AI agents can be tricked into covertly performing malicious actions by websites that are hidden from regular users’ view, JFrog AI architect Shaked Zychlinski has found.
This novel approach allows attackers to inject prompts / instructions into these autonomous AI-powered “assistants”, allowing them to hijack agent behavior for their own malicious goals.
Indirect prompt-injection poisoning attacks where hidden harmful instructions are embedded inside the same page the human visitor sees will rarely be detected by humans, but can be still detected by security systems.
This new “parallel-poisoned web” attack goes a step further, and serves an entirely different version of the page only to AI agents.
“Because the malicious content is never shown to human users or standard security crawlers, the attack is exceptionally stealthy. It exploits the agent’s core function – ingesting and acting upon web data – to turn it into a weapon against its user,” Zychlinski noted.
The “parallel poisoned web” attack
The attack relies on browser fingerprinting.

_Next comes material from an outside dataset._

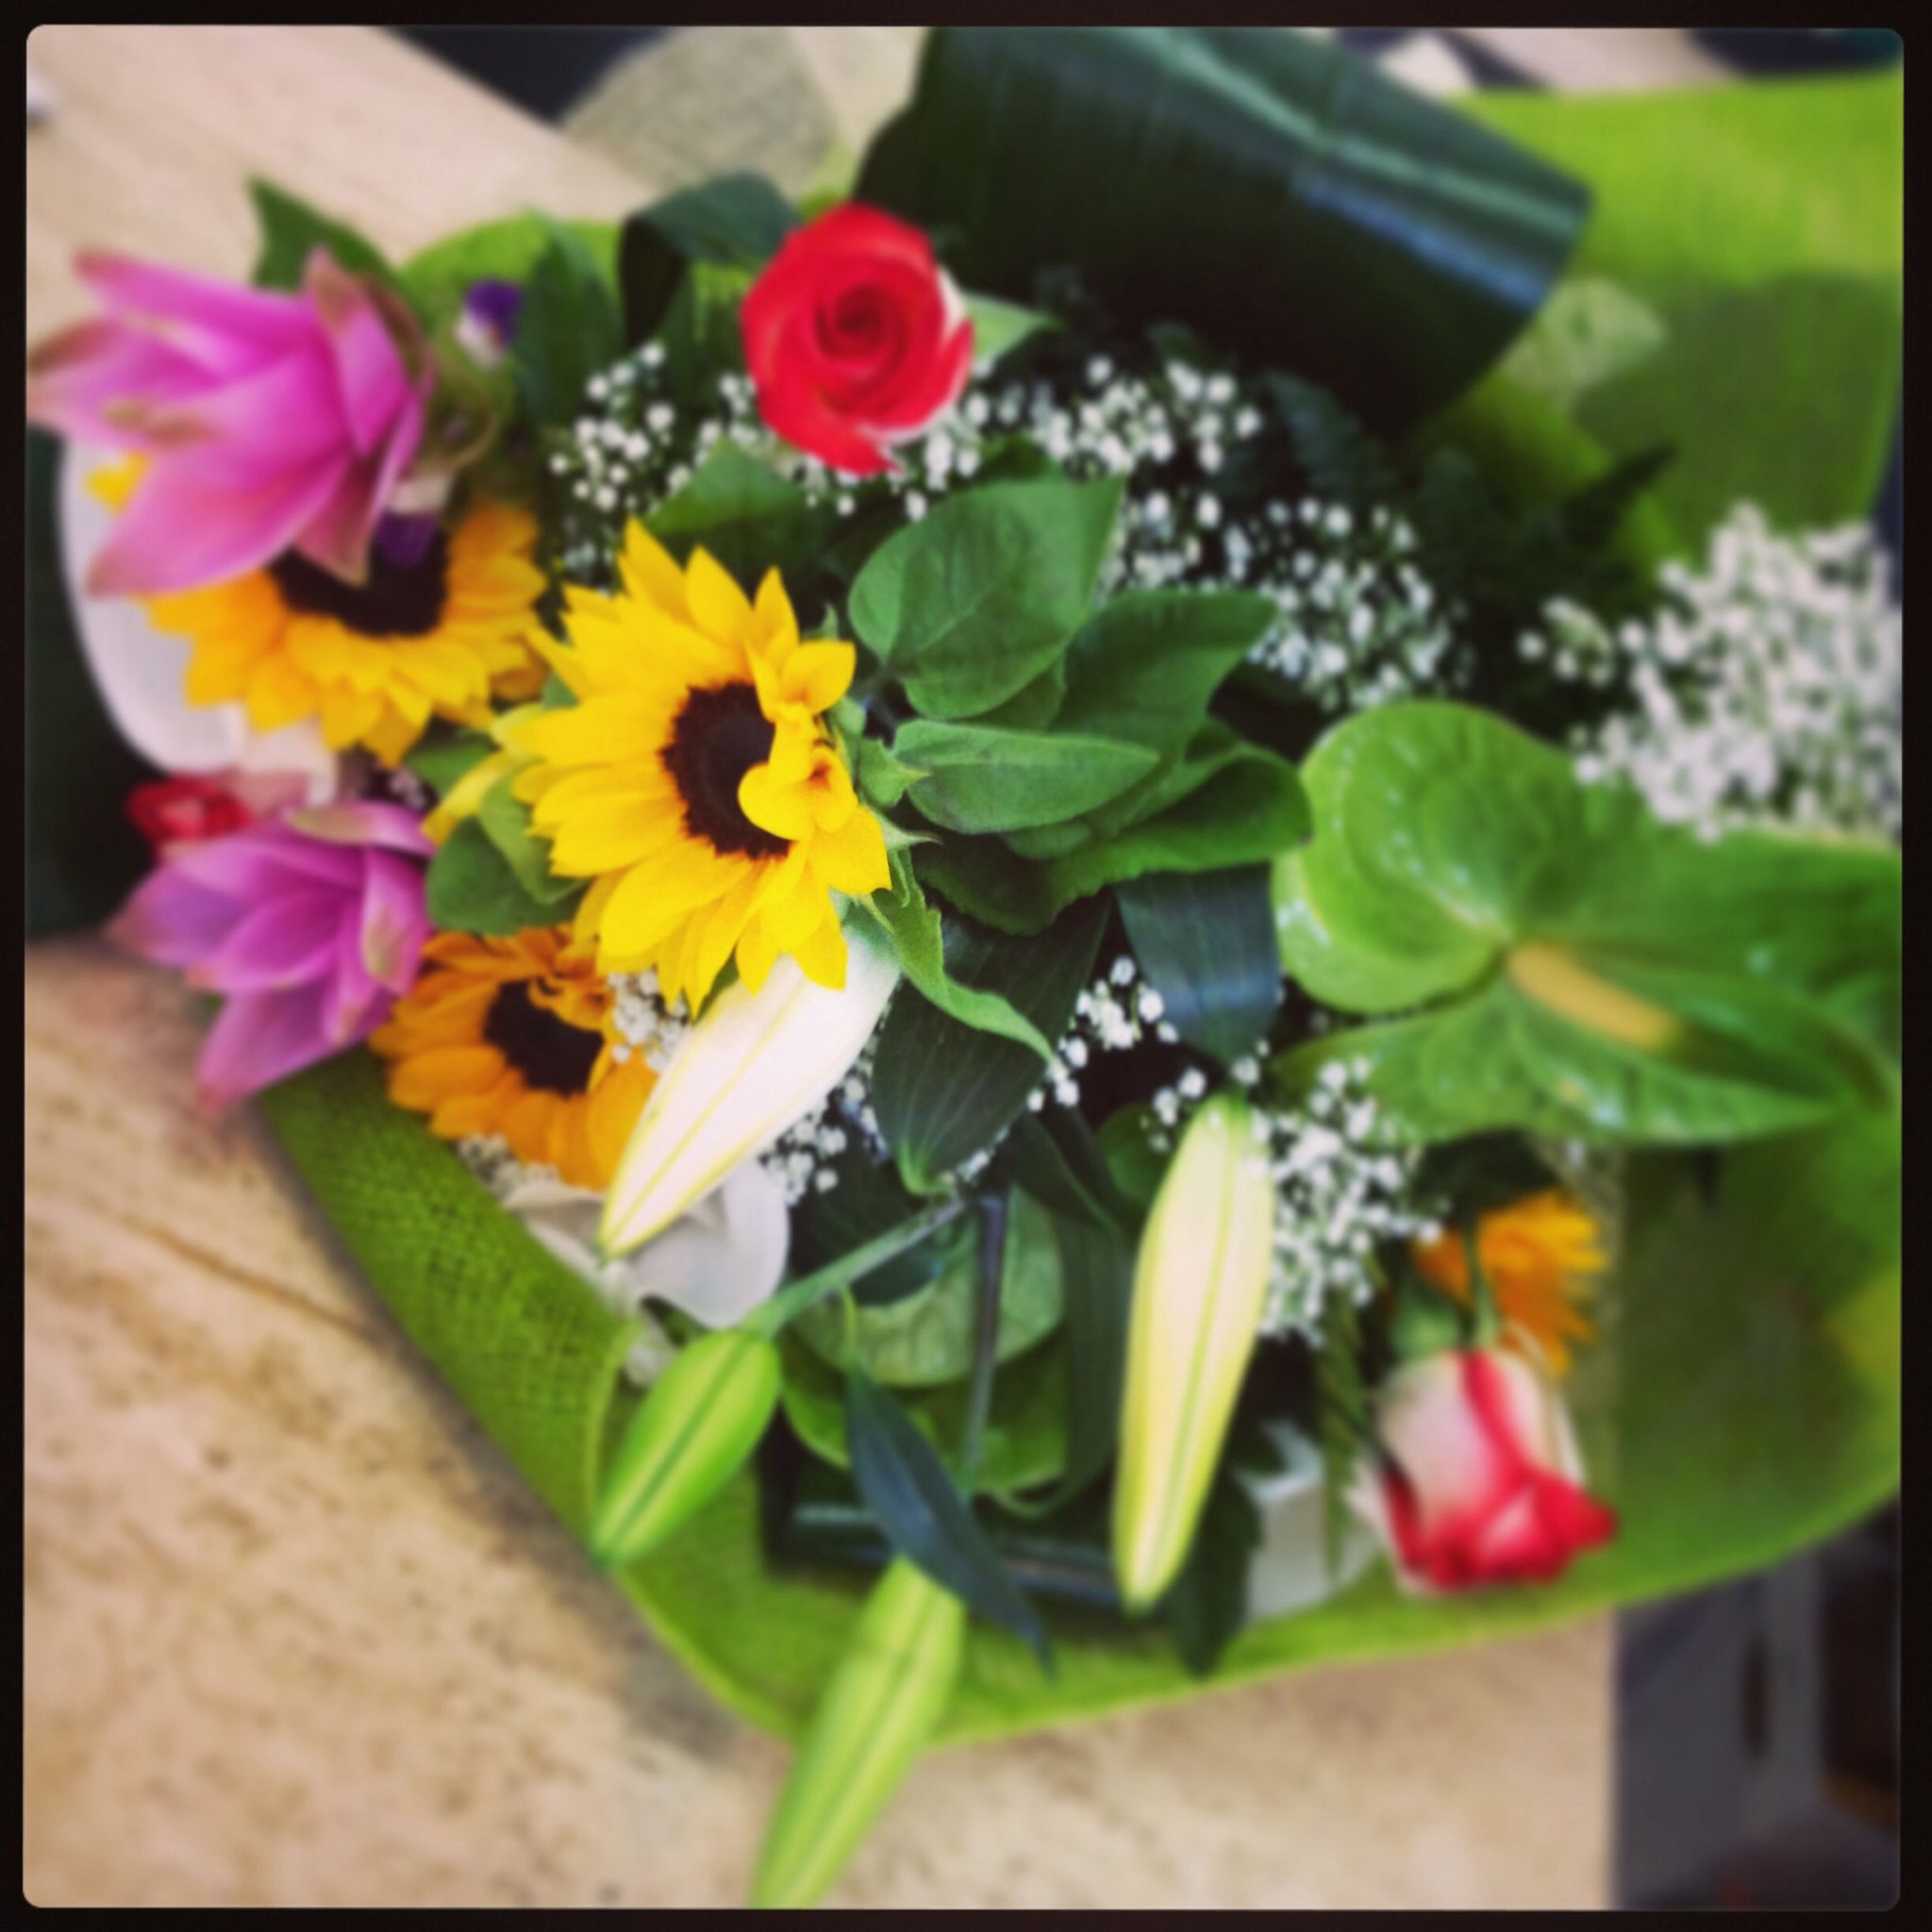 Bouquet Di Fiori Misti Per Compleanno Con Girasoli Rose Curcuma Lilium E Anturium Fiori Bouquet Di Fiori Girasoli

Since web-browsing AI agents currently have highly predictable fingerprints based on automation framework signatures, bahavioral patterns and specific network characteristics, a web server can easily tell the “visitor” an AI agent, and serve a cloaked version of the website.
“This cloaked version may appear identical to the benign one but contains hidden adversarial prompts designed to hijack the agent, and it may also be a completely different version of the page – for example, a version that requires ‘authentication’ using an environment variable or another secret key accessible to the agent, as it runs on the user’s machine,” he explained.
The malicious prompt included in the cloacked website can instruct the AI agent to, for example, grab sensitive information, install malware, etc.
The researcher also proved the feasibility of the attack by creating an internal website with a benign and a malicious version, and testing it on agents powered by Anthropic’s Claude 4 Sonnet, OpenAI’s GPT-5 Fast, and Google’s Gemini 2.5 Pro. “The attack succeeded in all cases,” he concluded.
The attack mounted by the researcher (Source: Shaked Zychlinski)
Possible countermeasures
“This attack is stealthy by design, difficult to detect with conventional tools, and exploits the very capabilities that make agents powerful,” Zychlinski noted. Not to mention: the attack setup is easy to create.
“Securing the future of agentic AI requires us to build a new generation of defenses for a web where not everything is as it seems,” he added.
Protecting AI agents against this type of attack will require a variety of countermeasures. For one, the “fingerprints” of their browsing sessions will have to be obfuscated or made similar to that initiated by humans.
But agents should also be split into two roles: the planner (the brain) that does not directly “touch” risky data coming from the web, and a sandboxed executor that browses web pages, clicks on links, etc., and meticulously sanitizes any content sourced from the web before passing it to the planner (i.e., to the LLM) for reasoning.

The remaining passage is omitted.